Skip to content

How It Works

Overview

pushfill uses multiple worker processes to write pseudo-random data to disk files as fast as possible. The goal is to overwrite every available block on the drive with unique, non-compressible data.

Pool-Based Random Generation

Each worker continuously generates random data using a pool with XOR multiplication:

  1. Pool fill — the worker maintains a pool of 8 random blocks, generated using Python's Mersenne Twister (random.getrandbits)
  2. Fresh block — each cycle, a new random block is generated and placed in the pool (replacing the oldest entry)
  3. XOR multiplication — the fresh block is XORed with every other entry in the pool, producing 7 additional unique output blocks
cycle: generate fresh block R
output: R, R^pool[0], R^pool[1], ..., R^pool[6]

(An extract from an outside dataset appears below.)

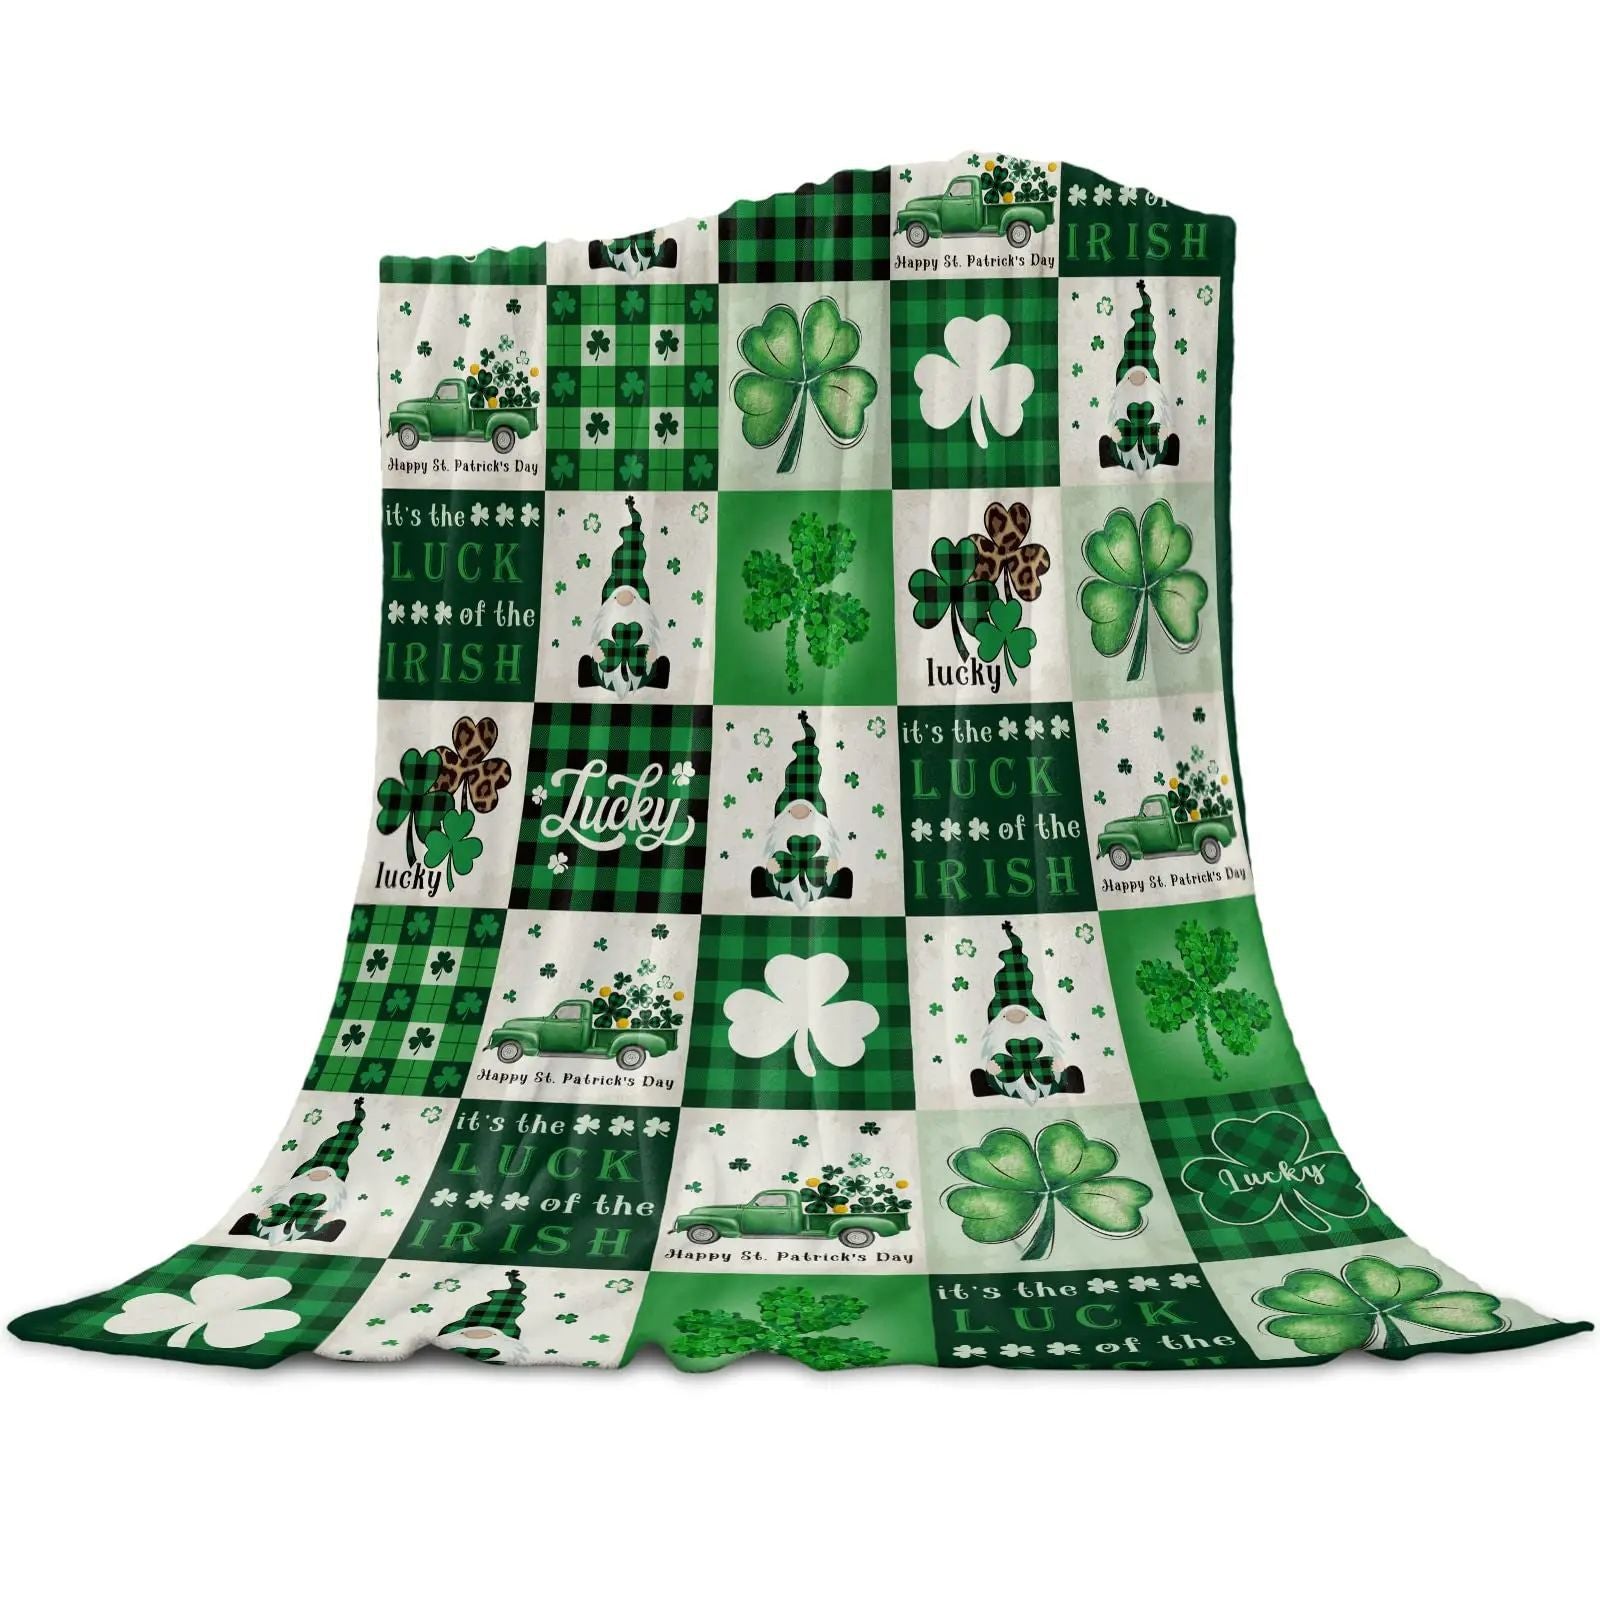 Blanket Clover Design Flannel Blanket Sofa Decorative Blanket Bed Sheet Bedspreads, Green-themed party supplies, Irish Festival Decoration Items, St Patricks Day Decoration Items, Decognomes,

With a pool of 8, this produces 8 output blocks per random generation call — an 8x throughput multiplier while ensuring every output block contains fresh randomness. The pool is continuously refreshed, so no block is ever reused.

Why not pure random for every block?

Calling random.getrandbits() for every chunk is the bottleneck — even the fast Mersenne Twister can't keep up with NVMe write speeds. The XOR multiplication stretches each random generation across 8 output blocks while keeping every block unique and pattern-free.

Why not write zeroes?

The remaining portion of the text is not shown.